Над курганами выпадут росы…
И войду я туда… Туда,
Где звучать будет песнь отрады,
И истлеют былые ограды,
В пустоте не оставив следа…
Мне б хотелось порою огня,
Да такого, чтоб дым коромыслом,
Чтобы в воздухе терпком, кислом
Лишь родные узнали б меня…
(Поезд выпускает воздух, слышно резкое краткое шипение.)
Но мне, видимо, жить ещё столько,
Сколько нужно, чтоб шерсти клок
Обратился в цветастый платок.
Блёстки спиц – звёздной пыли осколки —
Его стянут, как струнку – коло́к.
Чтоб созвучье тепла и света
Жизнь дало новым силам земли,
Наносное бы всё отмели
Люди, полные верных заветов…
(Она выдыхает дым и делает новую затяжку.)

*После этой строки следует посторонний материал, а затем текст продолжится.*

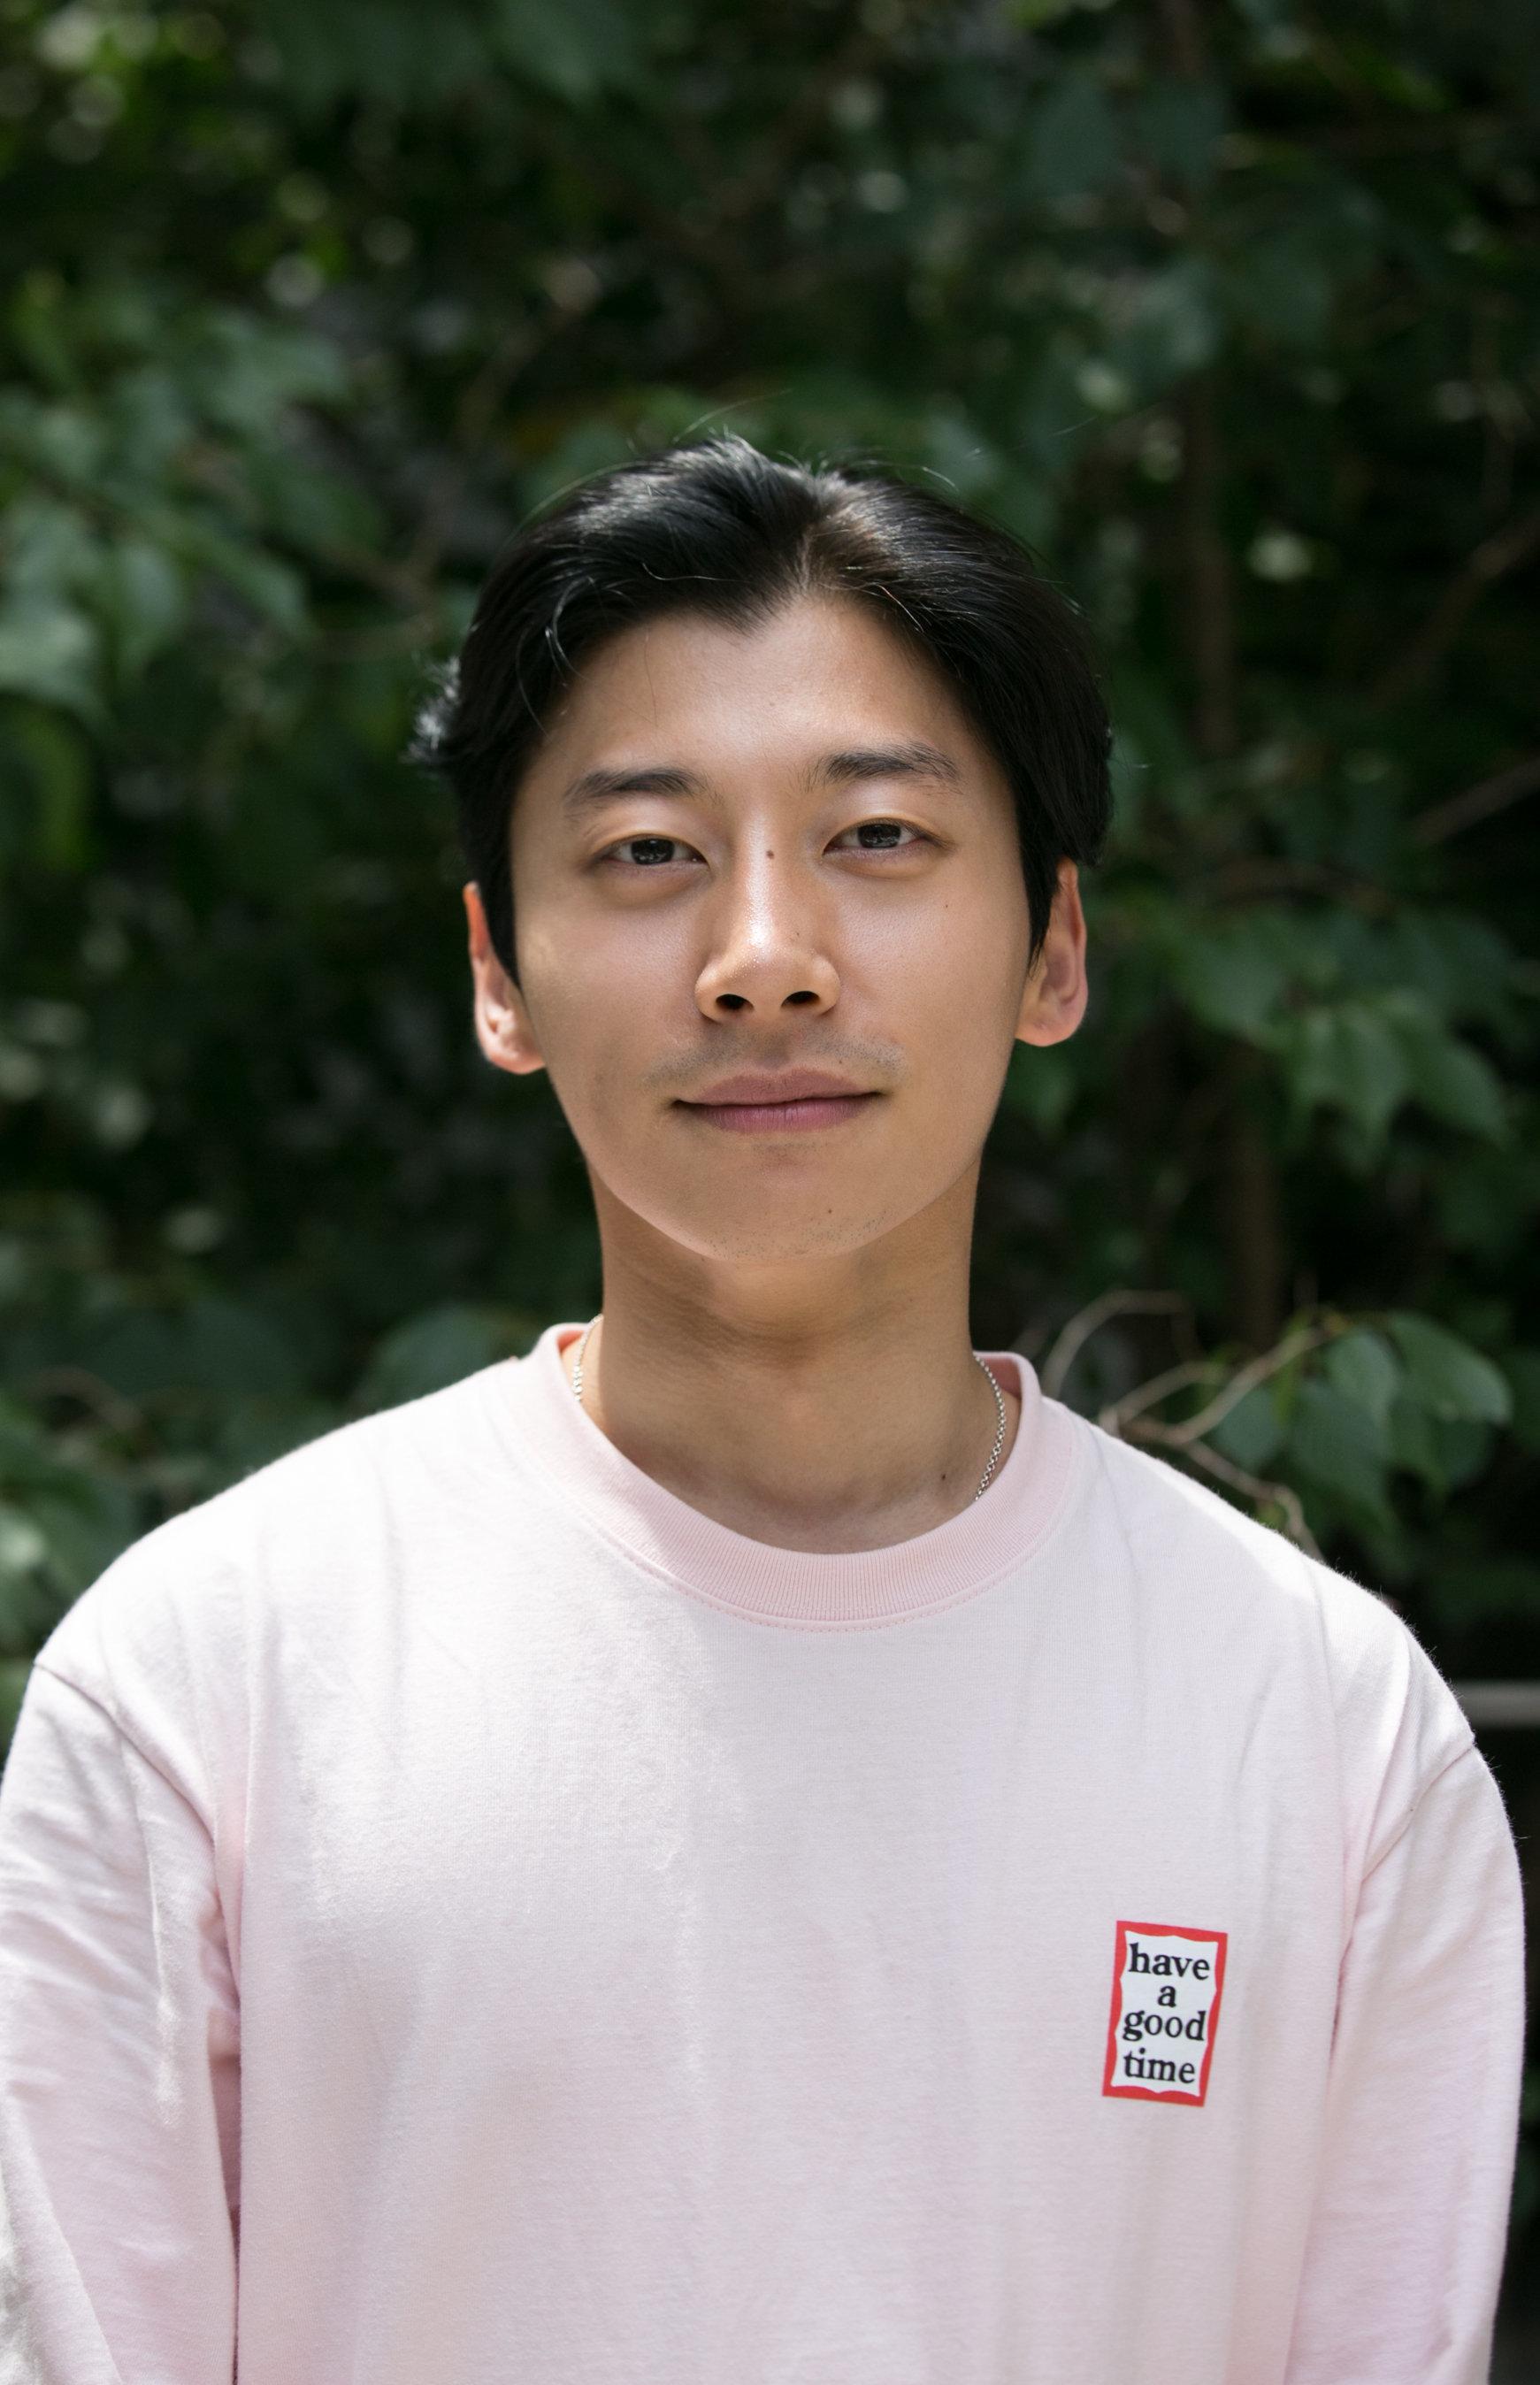 [허프인터뷰] 곽윤기는 '징글징글하다'는 말을 들을 때까지 달리고 싶다

А пока… Чистый свет порожу:
Тех, кто будет в пути, – провожу…
(Она выдыхает дым, бросает окурок,
только свет от упавшего пепла
остаётся на сцене, и Таня, едва видная
в этом свете, уходит в вагон.)
Таня появляется в начале коридора,
направляется на осмотр вагона.
(Она начинает идти по коридору, открывает форточку,
видит вместе со зрителями снег, ровно падающий
сверху там, где она стояла до этого.)
В мире так много лишних вещей…
Лучше бы белизной снегопада
Они мерили, чей предмет чей.
(Она закрывает форточку, идёт по коридору дальше,
заглядывает в купе, где оправляет подушки, чайные ложки,
скатерти на столиках.)
Проводницы хлопотен быт:
Кто-то ест ещё, кто-то уж спит,
(Аккуратно подаёт в одно купе меню, затем отодвигает
свесившуюся в проход ногу, ступая дальше.)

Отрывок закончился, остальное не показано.